The question is different though - if my opponent war support has dropped to zero - can I continue the war? Or their remaining city is saved as long as I don't have enough victory points to force them passing it to me?
 
Have my capital right next to Harrapians capital. They stole my population (their unique ability) by cooldown what made me mad.
The question is different though - if my opponent war support has dropped to zero - can I continue the war? Or their remaining city is saved as long as I don't have enough victory points to force them passing it to me?
Nope...once war support is zero then peace is forced.
 
So after playing a bit with the quick start the game automatically puts you in the first time you play the game, I realise I'm in a continent by myself (also difficulty is Town and I want to start at Metropolis). I'll start a new game.

Which map size do you recommend? I'm thinking Large / 8 Players?

Depends on what kind of game you want. The 'default' options almost guarantee you will contact one or more AI players in the Neolithic. On the other hand, if you start alone on a continent, you cannot trade with anyone for qute a while, and Trade is a really good source of both Resources and Money - in fact, as a general rule, it is the best single source for Money/Gold in the game, so being isolated hurts.
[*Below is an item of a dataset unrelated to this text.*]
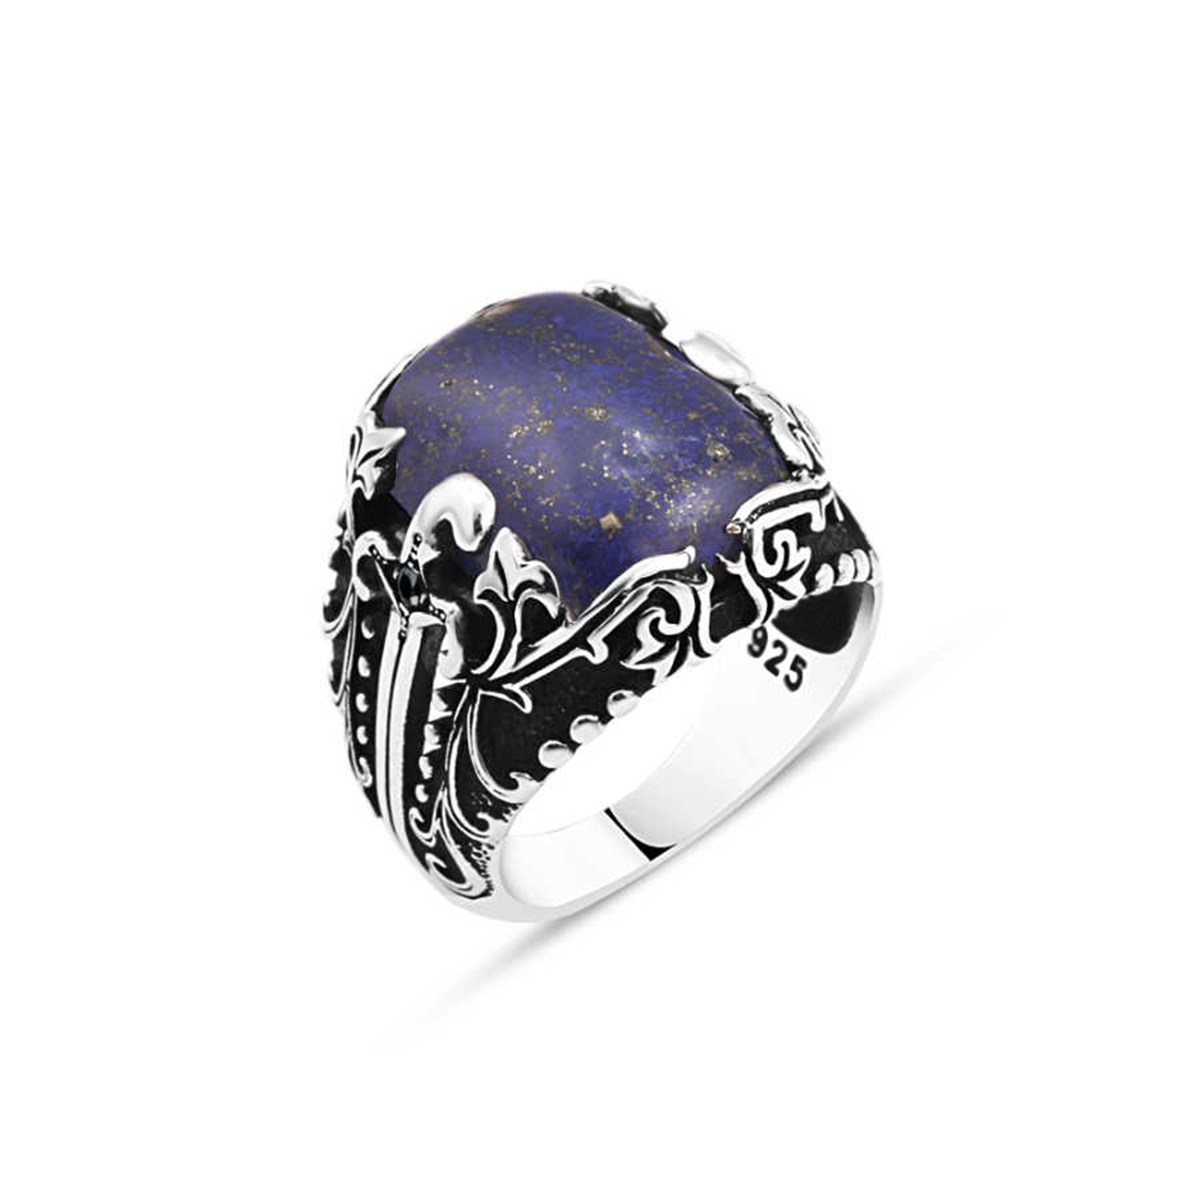 Squeezed Lapis Stone Silver Men's Ring

My favorite map combination right now is Large, 3 continents, 6 Factions. That gives you room to spread out a bit before bumping into each other, usually means you have at least one neighbor on your continent (sometimes 2, in which case there may be an empty continent) and there will be room for several Minor Factions on your starting continent, which adds a real Wild Card to the early game: get a bunch of Violent Minor Factions, and you may be fighting off Raiders constantly!

The default maps will give you a very barren interior to most continents - which is historical, but can leave you playing in what appears to be Southern Utah anywhere away from the coast. The solution is to pick Many Rivers, which gives you some decent city locations even in the middle of the Gobi-equivalent.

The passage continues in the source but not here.